Liver Transplantation Center, General Surgery, Huashan Hospital, Fudan University, Shanghai, China.
Institute of Organ Transplantation, Fudan University, Shanghai, China.
J Cancer Res Clin Oncol. 2024 Jun 19;150(6):311. doi: 10.1007/s00432-024-05849-5.
Metabolic reprogramming is an emerging hallmark that influences the tumour microenvironment (TME) by regulating the behavior of cancer cells and immune cells. The relationship between metabolism and immunity remains elusive. The purpose of this study was to explore the predictive value of immune- and metabolism-related genes in hepatocellular carcinoma (HCC) and their intricate interplay with TME.
We established the immune- and metabolism-related signature (IMRPS) based on the LIHC cohort from The Cancer Genome Atlas (TCGA) dataset. Kaplan-Meier analysis, receiver operating characteristic (ROC) curve analysis and Cox regression analysis confirmed the prognostic value of IMRPS. We investigated differences in immune cell infiltration, clinical features, and therapeutic response between risk groups. The quantitative real-time PCR (qPCR) was used to confirm the expression of signature genes. Immunohistochemical staining was performed to evaluate immune infiltration features in HCC tissue samples. We conducted cell experiments including gene knockout, cell counting kit-8 (CCK-8), and flow cytometry to explore the role of the IMRPS key gene UCK2 in HCC. RNA-seq was used to further investigate the potential underlying mechanism involved.
The IMRPS, composed of four genes, SMS, UCK2, PFKFB4 and MAPT, exhibited significant correlations with survival, immune cell infiltration, clinical features, immune checkpoints and therapeutic response. The IMRPS was shown to be an excellent predictor of HCC prognosis. It could stratify patients appropriately and characterize the TME accurately. The high-risk HCC group exhibited an immunosuppressive microenvironment with abundant M-like macrophage infiltration, which was confirmed by the immunohistochemistry results. The results of qPCR revealed that the expression of signature genes in 20 HCC tissues was significantly greater than that in adjacent normal tissues. After the key gene UCK2 was knocked out, the proliferation of the Huh7 cell line was significantly inhibited, and monocyte-derived macrophages polarized towards an M1-like phenotype in the coculture system. RNA-seq and GSEA suggested that the phenotypes were closely related to the negative regulation of growth and regulation of macrophage chemotaxis.

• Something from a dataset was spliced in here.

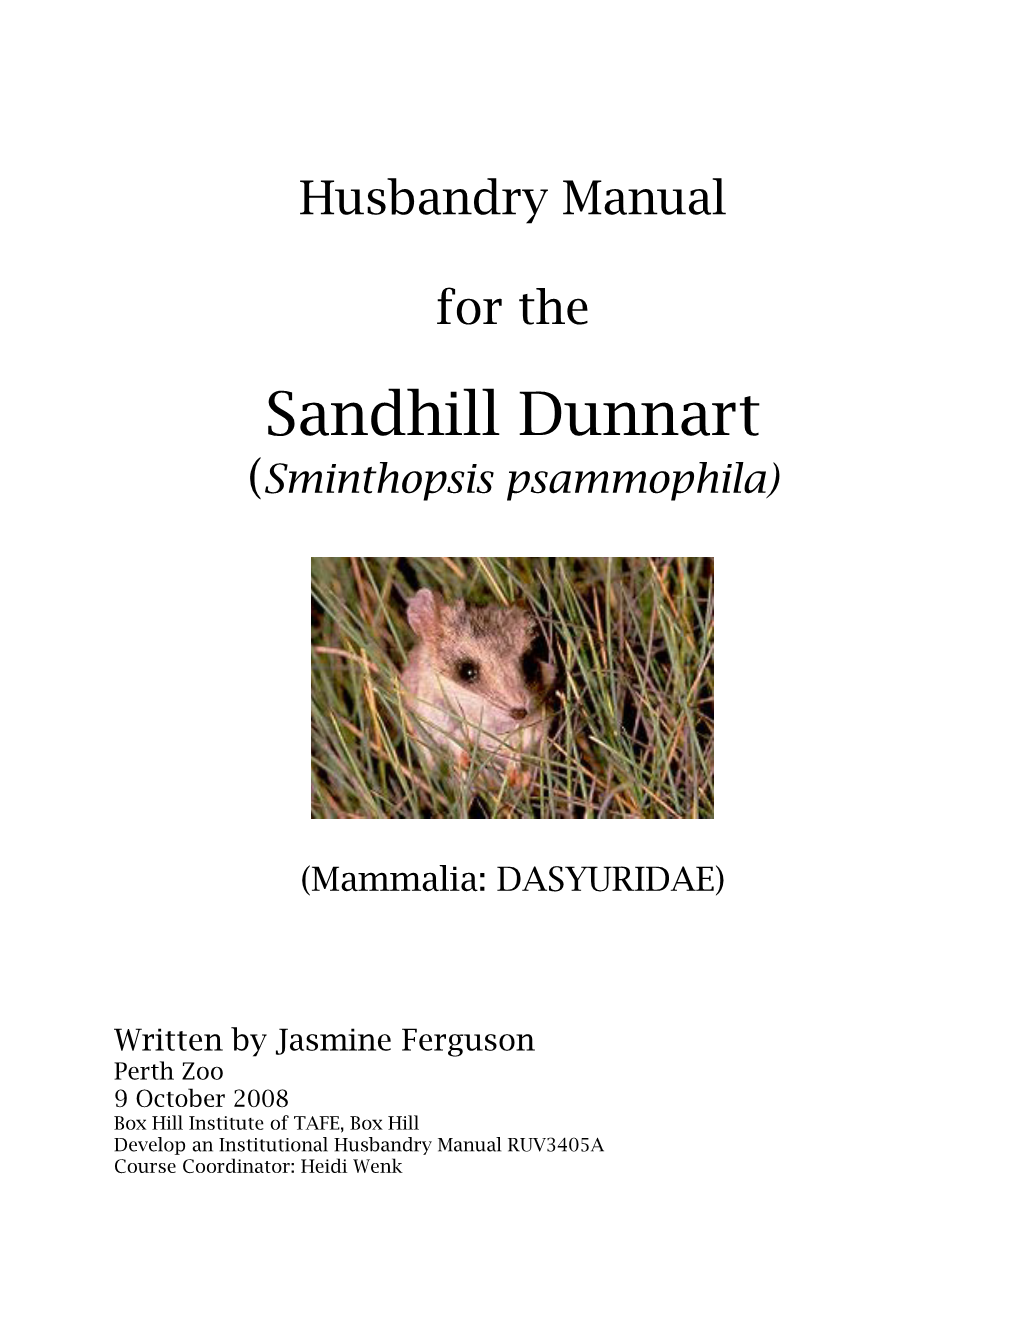 Sandhill Dunnart (Sminthopsis Psammophila)

This study established a new IMRS for the accurate prediction of patient prognosis and the TME, which is also helpful for identifying new targets for the treatment of HCC.
代谢重编程是一个新兴的标志,通过调节癌细胞和免疫细胞的行为来影响肿瘤微环境(TME)。代谢与免疫之间的关系仍然难以捉摸。本研究旨在探讨肝癌(HCC)中免疫和代谢相关基因的预测价值及其与 TME 的复杂相互作用。
我们基于 TCGA 数据集的 LIHC 队列建立了免疫和代谢相关特征(IMRPS)。Kaplan-Meier 分析、接收者操作特征(ROC)曲线分析和 Cox 回归分析证实了 IMRPS 的预后价值。我们研究了风险组之间免疫细胞浸润、临床特征和治疗反应的差异。定量实时 PCR(qPCR)用于确认特征基因的表达。免疫组织化学染色用于评估 HCC 组织样本中的免疫浸润特征。我们进行了细胞实验,包括基因敲除、细胞计数试剂盒-8(CCK-8)和流式细胞术,以探讨 HCC 中 IMRPS 关键基因 UCK2 的作用。RNA-seq 用于进一步研究潜在的潜在机制。
由四个基因 SMS、UCK2、PFKFB4 和 MAPT 组成的 IMRPS 与生存、免疫细胞浸润、临床特征、免疫检查点和治疗反应显著相关。IMRPS 是 HCC 预后的极佳预测指标。它可以适当地对患者进行分层,并准确地描述 TME。高风险 HCC 组表现出免疫抑制的微环境,其中富含 M 样巨噬细胞浸润,免疫组织化学结果证实了这一点。qPCR 结果显示,20 例 HCC 组织中特征基因的表达明显高于相邻正常组织。关键基因 UCK2 敲除后,Huh7 细胞系的增殖明显受到抑制,在共培养系统中单核细胞衍生的巨噬细胞向 M1 样表型极化。RNA-seq 和 GSEA 表明表型与生长的负调节和巨噬细胞趋化性的调节密切相关。
本研究建立了一种新的免疫代谢风险评分(IMRS),用于准确预测患者预后和 TME,这也有助于确定 HCC 治疗的新靶点。